In 2015, Karpathy & Johnson of Stanford University compared different recurrent neural networks and visualized the values ​​of different memory cells of LSTM according to the charactor. There are some interesting findings.  They found that in LSTM, different memory cells have different functions. Some cells can determine whether the sentence is in quotation marks, and some cells can determine the length of the sentence. If the input is code text, some cells can determine whether it is an if statement or a comment, and some cells can determine the amount of indentation. At the same time, they analyzed the switching conditions of forget gate, in gate and out gate. If the gate value is lower than 0.1, it is regarded as "left saturation", and if the gate value is higher than 0.9, it is regarded as "right saturation". They found that in the forget gate, there is a "right-saturated" gate to record long-distance information, while in the output gate, there is no continuous saturated gate. This finding is consistent with the characteristics of LSTM. In 2017, OpenAI researchers discovered that there is a neuron that is very sensitive to emotion in the recurrent neural network. They proved that the value of this neuron is very important for sentiment classification tasks. Moreover, if only this neuron is used for emotion classification, very good results can also be achieved. The figure below shows the value of the neuron at the charactor level. Green indicates positive emotion, and red indicates negative emotion. The author believes that the visualization of neurons can objectively reflect the process of model reasoning. However, this method also has some problems. First, not all neurons can be visualized to make people discover patterns. Most neurons appear to be irregular. Therefore, the visualization method needs to artificially judge which information it may represent, which is not universal. Second, although the visualization method can intuitively see the function of the neuron, it cannot be judged by a quantitative index. Third, this method has many uncertainties, and it is difficult to achieve value in business scenarios.









Three, diagnostic classifier



Sometimes it is difficult to see what kind of information a vector contains through visualization methods. So we can change our thinking. That is: if a vector contains certain information, then it has the ability to do tasks that require this information. Therefore, another commonly used method is: for a vector inside the model, we can train a simple model (usually a linear classifier) ​​to predict some features (usually some linguistic features). In this way, we can know what has been learned in each layer inside the model. In 2019, Google researchers used this method to analyze Bert. They extracted the embedding output from each layer of Bert and used the diagnostic classifier to test on 8 tasks.

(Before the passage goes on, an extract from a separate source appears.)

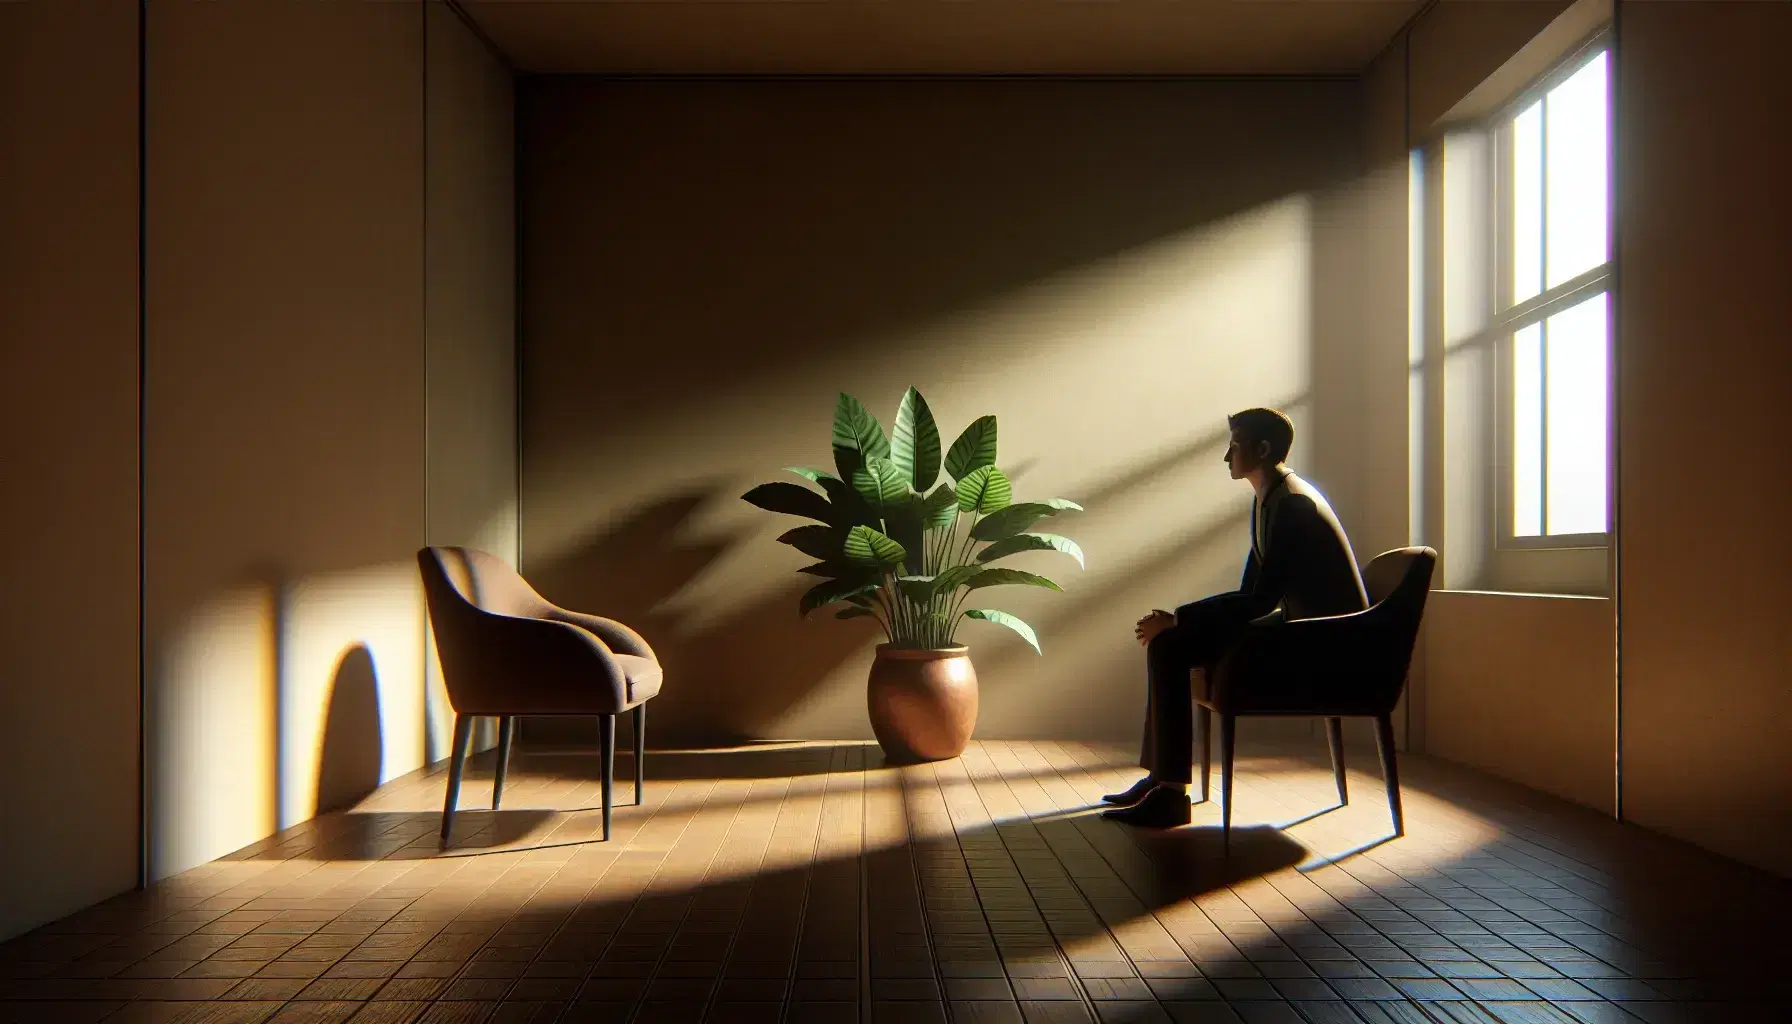 Escena de entrevista con luz natural, una persona en traje sentada frente a silla vacía, planta verde al fondo en ambiente tranquilo y profesional.

Experiments show that Bert performs traditional NLP pipeline (pos tagging, referencing resolution, etc.) tasks in its transormer layer. It also shows that the subdivision tasks in these pipelines can dynamically adjust themselves to achieve better performance. The following figure shows the expected value of which layer of information is needed to complete these tasks, and where the "center of gravity" of these layers is. From the results, it can be seen that for some low-level tasks (such as pos tagging, entity recognition, etc.), the required information can be obtained at the lower layer, while for some complex tasks (such as reference resolution), it can be obtained at the higher layer. Information needed. This is in line with our expectations. The author believes that the diagnostic classifier method can analyze the training process of the model relatively simply, and is more suitable for deep models. At the same time, this can play an enlightening effect on the optimization of the model. The ACL article of Jo & Myaeng in 2020 pointed out that when using Bert, if you choose some embedding in the middle layer and the embedding in the last layer to perform tasks together, you can achieve better results than just using the last layer.








Four, Attention



Due to the characteristics of Attention itself, there will be a weight between words, and this weight may be able to express the reasoning process of the model. In 2019, researchers from Stanford University and Facebook analyzed the attention head in Bert and found that different heads would extract different information, and using head directly to subdivide tasks can also achieve relatively good results. However, there are still many controversies as to whether attention can represent the reasoning process of the model. Also in 2019, Jain & Wallance's article "Attention is not explaination" pointed out that the conclusions of attention and gradient-based analysis methods are different, and different attention weights can lead to the same prediction. Therefore, it is argued that there is no direct relationship between attention and output results. And Wiegreffe & Pinter's article "Attention is not not explaination" refuted J&W's point of view, thinking that its experimental design was insufficient to prove its conclusion. In ACL articles in 2020, the discussion on attention is still a hot topic. Abnar & Zuidema proposed a method that can make attention more explanatory. Since the information of different tokens is mixed after the first layer of Transformer, they propose a rollout method to extract the mixed information. Sen et al. proposed to compare the model's attention with the artificially labeled attention, and proposed a method to calculate the similarity between the two. However, Pruthi et al. believe that the explanation based on attention is not reliable because the artificial model can be made unbiased through artificial manipulation, which is not the case.

image






笔者认为,attention自带可解释的特性,相较于其他模型有着天然的优势。而如何运用attention进行解释,还需要更多的研究。并且,这种方法局限在模型本身,并不适用于其他的模型。此外,有关attention的可解释性如何应用在模型优化上,还需要更多的思考。


五、Rationals



Rationals可以认为是做一项任务的"Supporting evidence", 可以理解为“关键词”组合。
2019年,DeYoung等人提出一个benchmark,叫做ERASER(Evaluating Rationals and Simple English Reasoning). 
他们认为,人们在进行NLP相关任务时,会重点关注一些“关键词”。将输入文本的部分词语抹去,会导致任务的置信度下降甚至失败。而使得任务置信度下降最大的关键词组合,就可以认为是模型认为的“关键词”。
他们提出了7个任务的数据集,其中包含了人为标注的“关键词”。通过判断模型认为的“关键词”和人工标注的“关键词”之间的关系,就可以判断出模型是否在用人们认为的关键信息进行任务。
如下图所示,第一个图展示了4个任务的人为标注的“关键词”,第二张图展示了判别模型认为的“关键词”的方法。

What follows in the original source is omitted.